A personal favourite “That's neither here nor there”, suggests a point in the conversation has been reached beyond which no good can come, so it's time to wrap it up or change direction lest your opinion — which, to your credit, you had the courage to express — prove to be correct or decisive. 

It's a rather brilliant negotiating technique that reclaims the upper hand and asserts authority without ever having to concede defeat. It's a motherly reminder of the chain of command.

'Well able to go'

There is one, however, that, to me, beats all others. Someone being “well able to go”. It came to mind this week as the English press struggled to find new verbiage to express their distrust and dislike of Meghan Markle

If only their columnists were aware of the phrase “She is well able to go”, they could cut their word count in half and sell the rest of the page for advertising, as that one statement contains multitudes. I, for one, do not think Meghan is well able to go any more than she stands up for herself. 

That she makes millions showing us how to repackage dried fruits is no more egregious to me than Marie Kondo lining her (very neat) pockets by telling the world to empty the dishwasher.

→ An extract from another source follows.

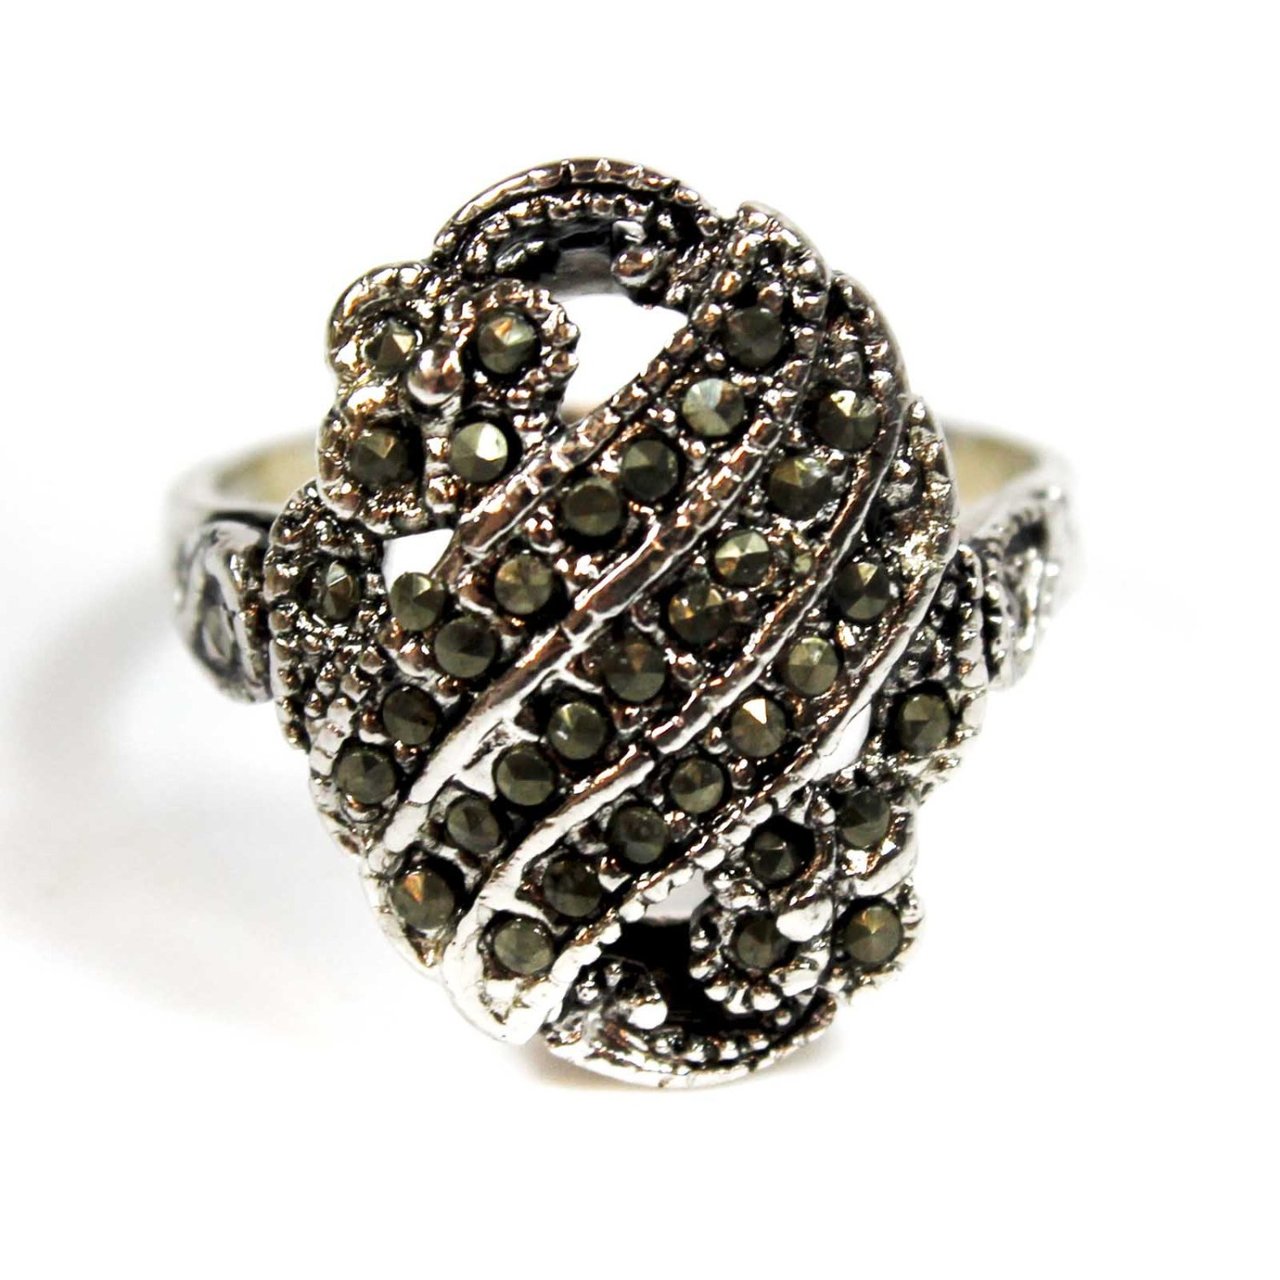 Vintage Unique Genuine Marcasite Ring 18k White Gold Made in USA Size: 10

Kondo is not well able to go, however, not by the mother metric, because she is unthreatening. Conversely, Markle threatens everything. She married a prince — the good one — and stole him away. She already worked for a living. She may well have already been married (I don't care, so didn't check). 

Long before she sought the trappings of royalty after having the temerity to disassociate herself from the supposed “responsibility” of it, Meghan was in prime "well able to go" territory. If anything, I admire her for leaning into the hate rather than trying to win an unwinnable war of redemption.

Men, incidentally, are rarely "well able to go", but that's for another column/series of lectures at the Iona Institute. Personally speaking, I hope it lasts for Meghan. Except, I hope it actually lasts.